В этот вечер Омар записал такое стихотворение:
Белоснежной чалмы правоверного шейха
Стоит этот, вином обагренный платок!
После чего, как обычно, спрятал рукопись в тайник между стеной и постелью. Проснувшись, он потянулся за книгой, желая поправить одно слово, а открыв, обнаружил вложенное в нее кем-то, пока он спал, письмо Хасана.
Омар тут же узнал и почерк, и подпись, которой четыре десятка лет назад они условились помечать свои послания: «Друг, встреченный в караван-сарае в Кашане». Читая, он не мог удержаться от смеха. В дверях появился Вартан с выражением любопытства на лице: что так развеселило учителя после вчерашнего скверного расположения духа?
— Мы получили великодушное приглашение: пожить на всем готовом до конца дней.
— Кто же этот меценат?
— Тот, кто правит Аламутом.
Вартан вздрогнул, почувствовав себя виноватым.
— Но как письмо могло попасть к вам? Я ведь проверил на ночь все запоры!
— И не пытайся понять. Султаны, халифы и те отказались понимать. Если уж Хасан решил послать тебе письмо либо кинжал, будь уверен — ты их получишь, держишь ли ты двери на запоре или широко открытыми.
Ученик поднес письмо к носу, обнюхал его, а затем несколько раз прочел.
— Может, этот демон и прав. В Аламуте ты был бы в большей безопасности, чем где бы то ни было. В конце концов Хасан — твой старинный друг.
— В эту минуту моим старинным другом является вино нового урожая из Мерва!
С детский удовольствием Омар порвал письмо, клочья подбросил в воздух, а затем, наблюдая, как они кружатся, заговорил:
— Что общего между этим человеком и мной? Я боготворю жизнь, он предан смерти. Я пишу: «Если не умеешь любить, к чему тебе восходы и закаты?» Хасан требует от своих последователей отказа от любви, музыки, поэзии, вина, солнца. Он с презрением относится ко всему самому прекрасному, созданному Богом на земле, и осмеливается при этом произносить имя Создателя. Мало того, еще и обещать рай! Поверь мне, будь его крепость хоть самими вратами в рай, я отказался бы от рая! Ноги моей не будет в этом логове лже-святош!

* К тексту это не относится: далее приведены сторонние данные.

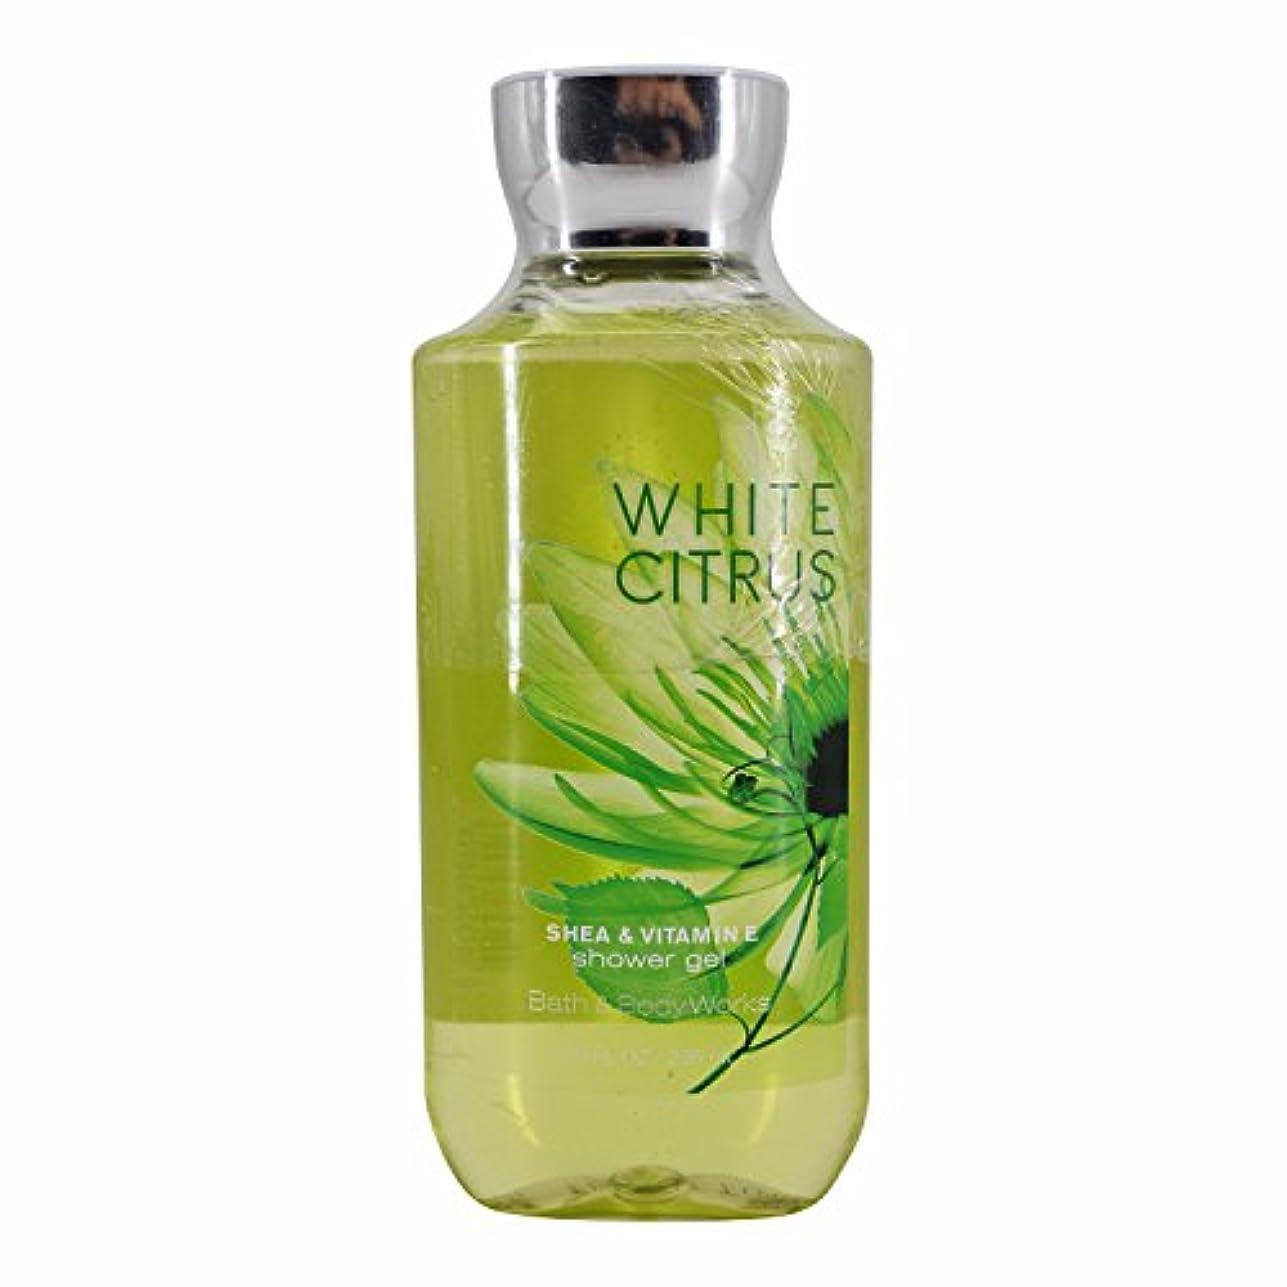 責セイはさておきすべきバス&ボディワークス ホワイトシトラス シャワージェル White Citrus Shea & Vitamin-E Shower Gel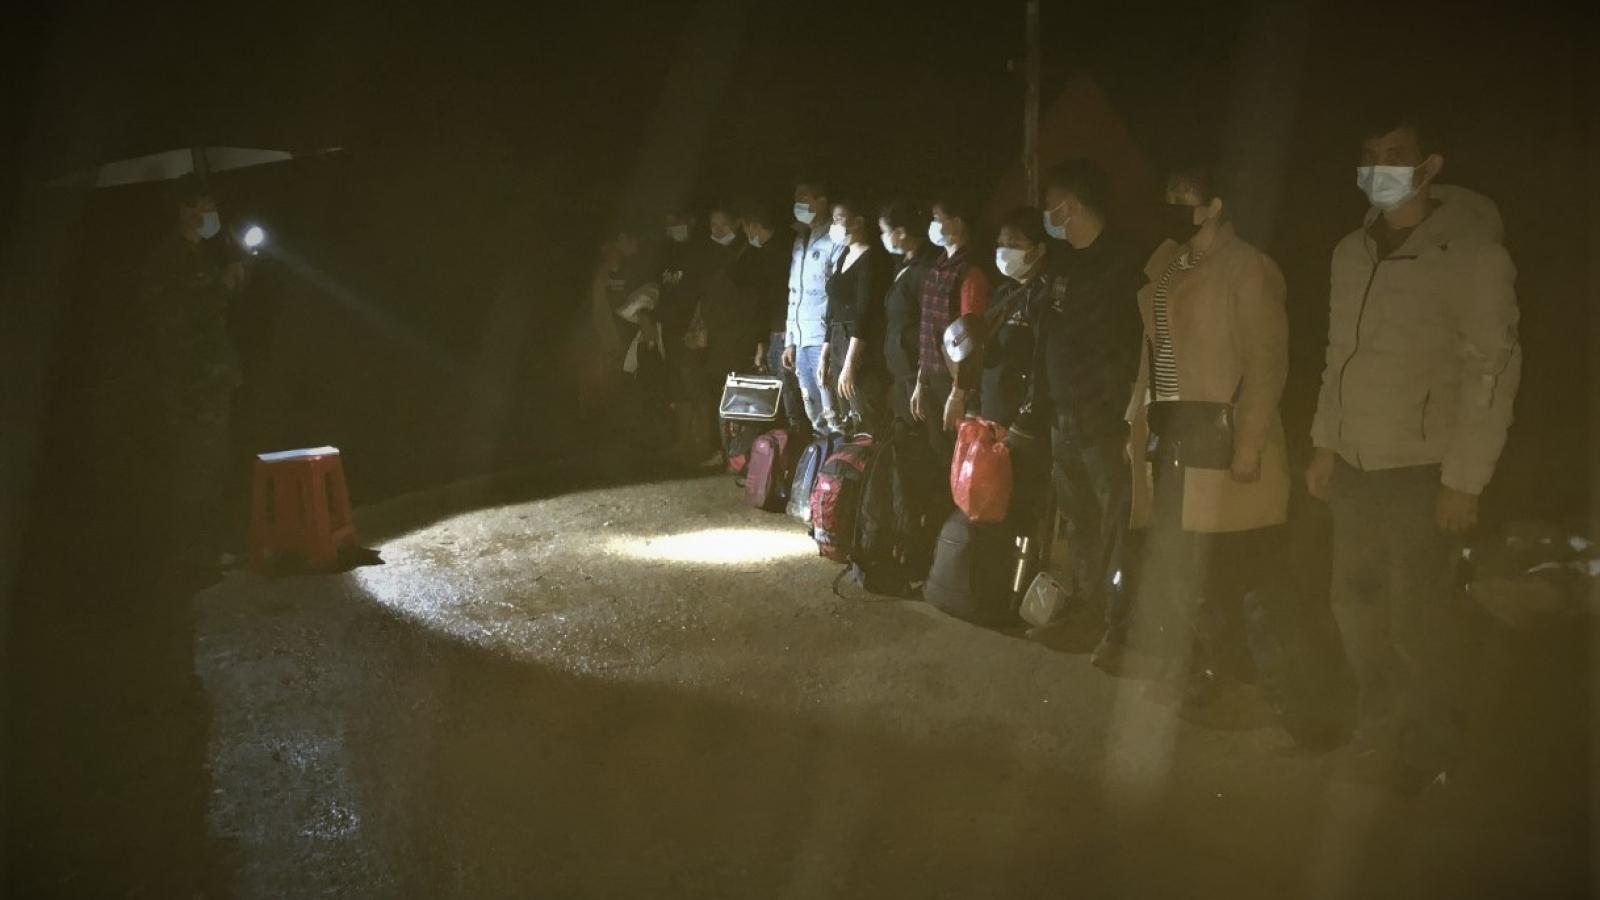 Phát hiện nhóm người nhập cảnh trái phép lúc rạng sáng

Вартан сел, задумчиво почесал в затылке и с самым удрученным видом произнес:
— Раз таков твой ответ, настало время открыть тебе один давний секрет. Ты никогда не задавался вопросом, почему, когда мы бежали из Исфахана, нас так легко выпустили?
— Мне всегда это было подозрительно. Но поскольку все эти годы я видел с твоей стороны лишь верность, преданность и сыновнюю привязанность, к чему было ворошить прошлое.